The names of the authors on the covers of these books were usually followed by initials denoting the degrees they had earned. The blurbs promised to reveal to the careful reader the secrets to boosting confidence, to conquering fears, to honing sexual prowess. I recalled now doing the exercises, trying out some of the tactics in a coffee shop, on a dance floor, walking down a pavement. Leafing through The Nice Guys’ Guide to Getting Girls once again, I recalled the aloof French girl who worked in the Enchanter vintage clothing store in Galway. Whenever I’d visit the shop, I’d try – as instructed – to make small talk in a casual, confident way, head up, chest out, even though my heart was thumping like a spent greyhound’s. My efforts made not the faintest impression on the French girl.
Over a decade since I’d last strutted between rails of sheepskins and grandfather shirts in the Enchanter, and since I’d last bought a self-help book, I now found myself listening to Margaret Forde’s soft, kind voice, suspicious of anything she might say that had the ring of a quick-fix nostrum. How can one honestly try to undo years of harmful thought patterns, part of me thought, in a twelve-hour night class? But, Forde’s approach was more scientific than those of the self-help books of my youth, and it was alluring to picture life brightening, if only by a solitary ray, through learning this discipline of positive thinking.

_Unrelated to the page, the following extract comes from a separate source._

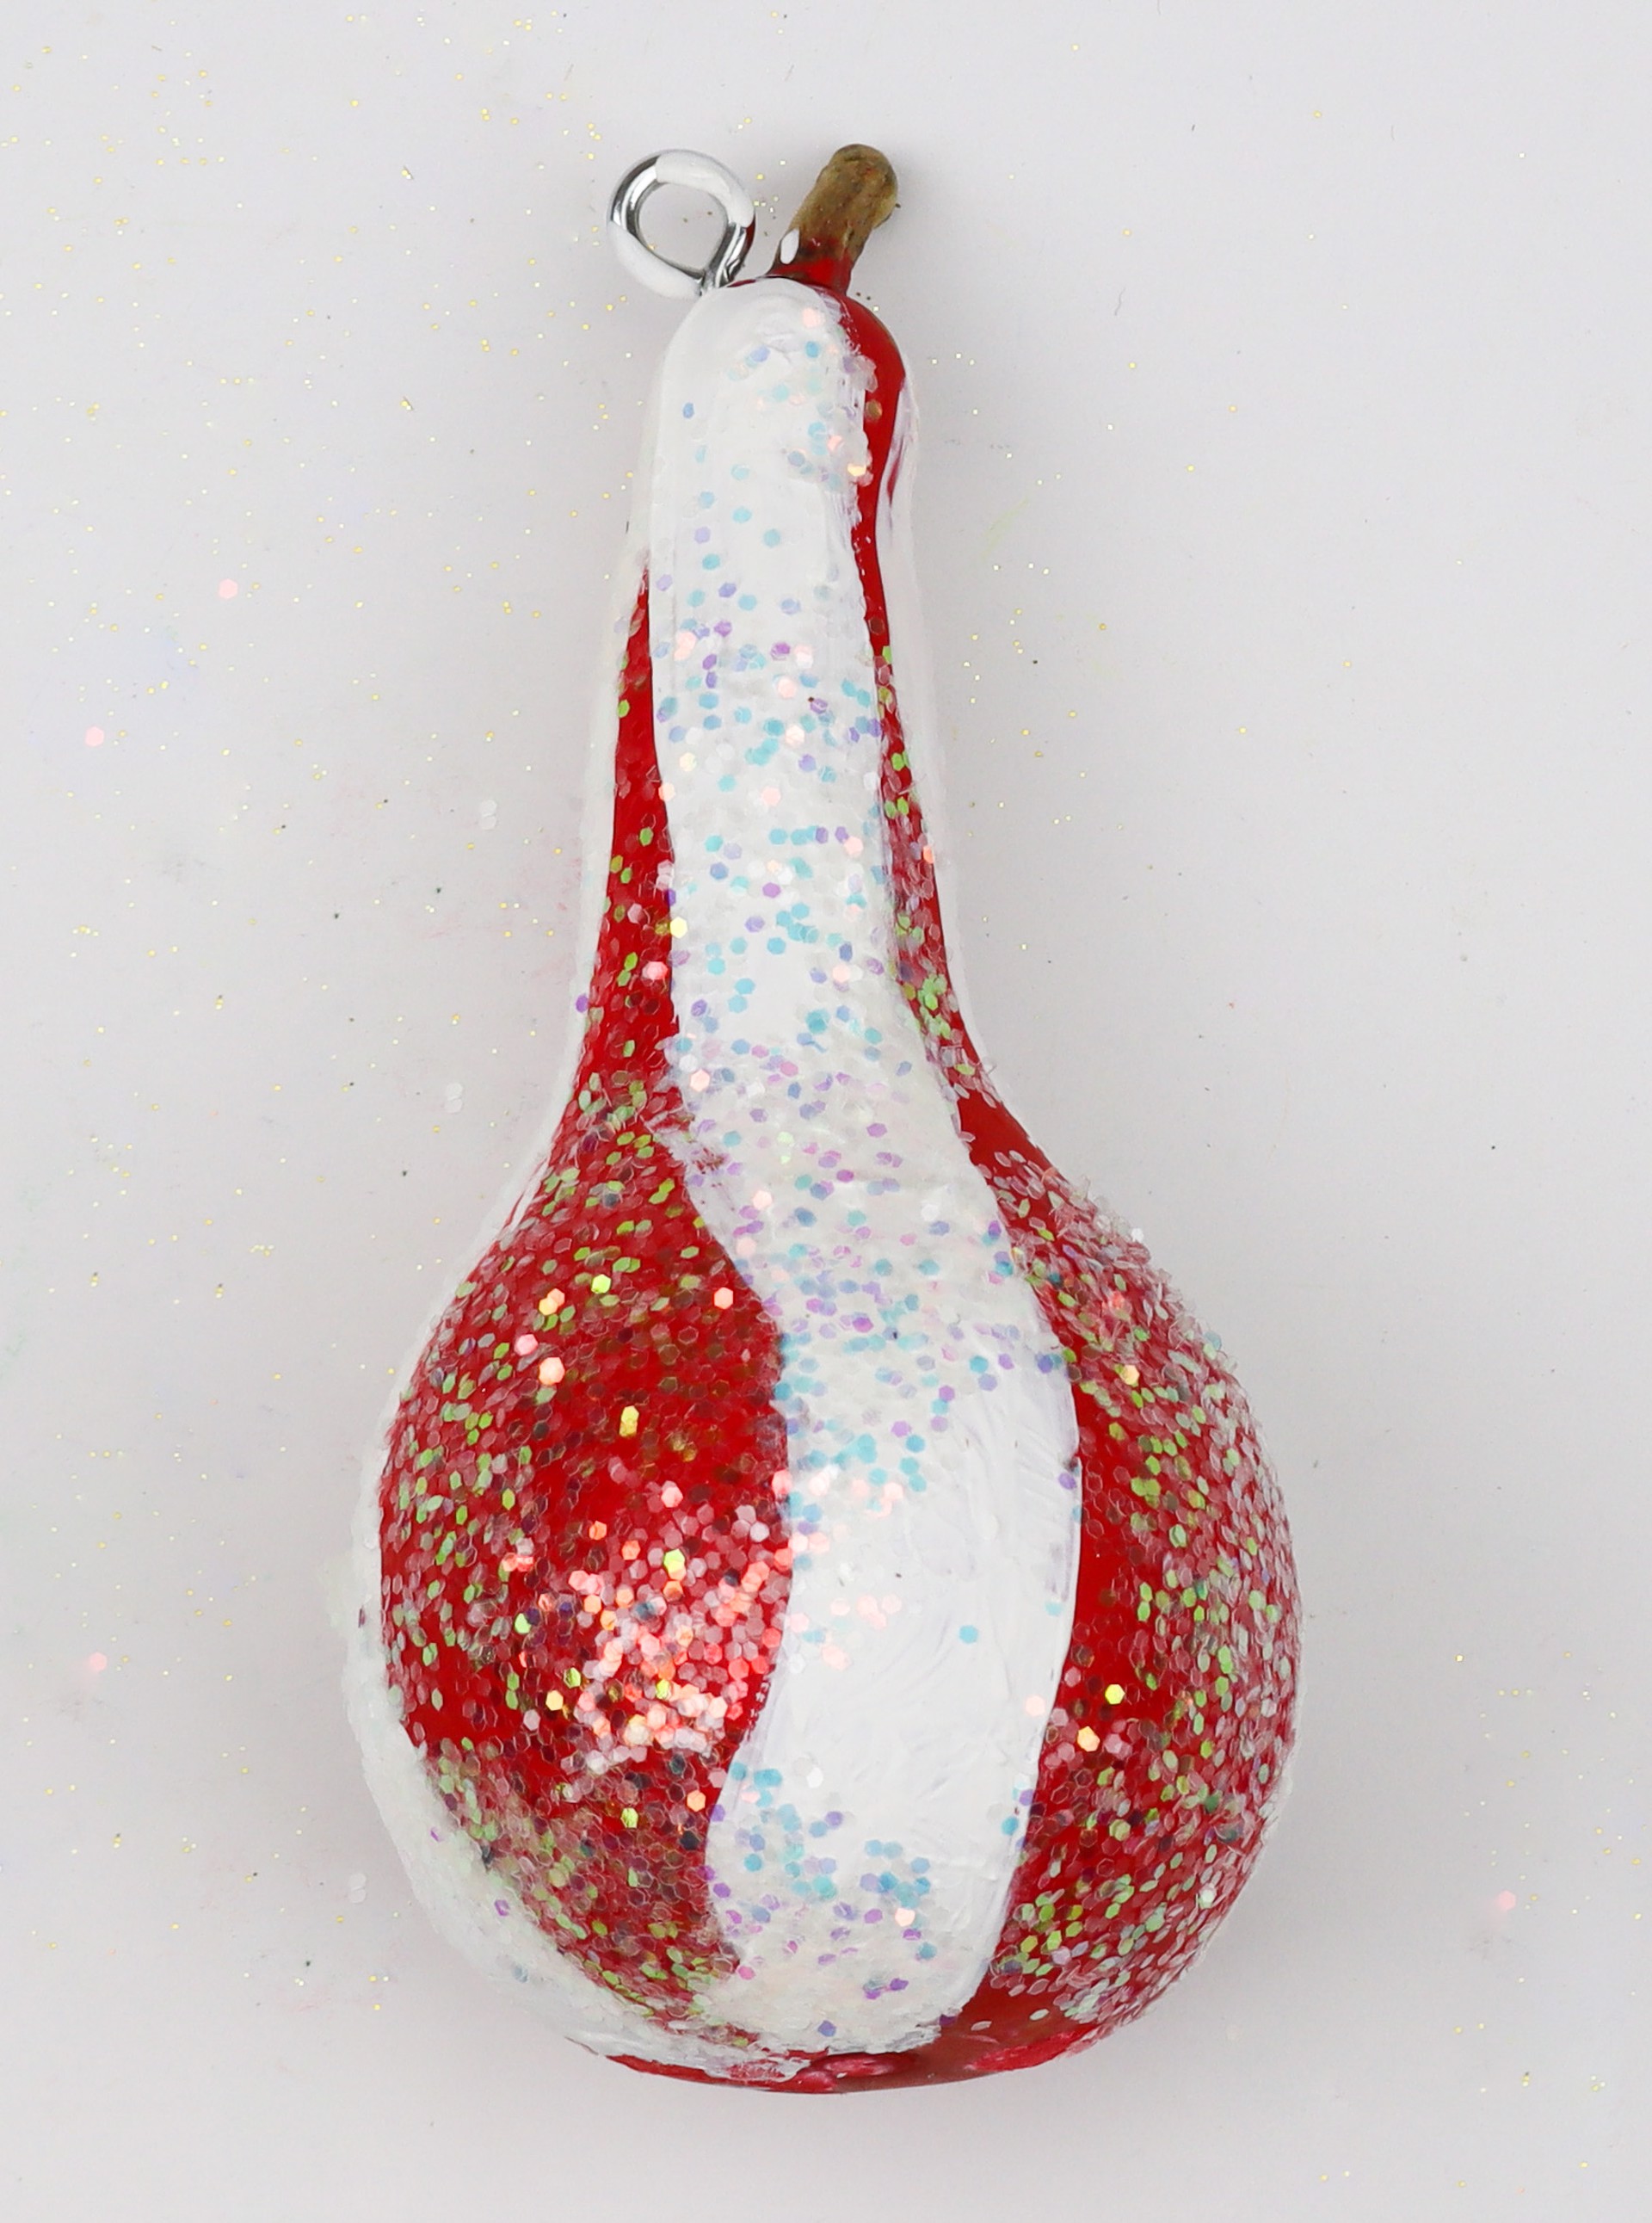 Red and White Glitter Gourd (gourd) by Chris Schallhorn

And so, for two hours every Wednesday evening over the next five weeks, I bracketed as best I could my reservations about the supposed benefits of adopting a sunny outlook on life, and instead allowed Margaret Forde to guide me through a range of exercises designed to teach us how to boost our resilience, increase the intensity of the positive feelings we already have, and limit the impact of negative feelings, that are inevitable, this side of heaven.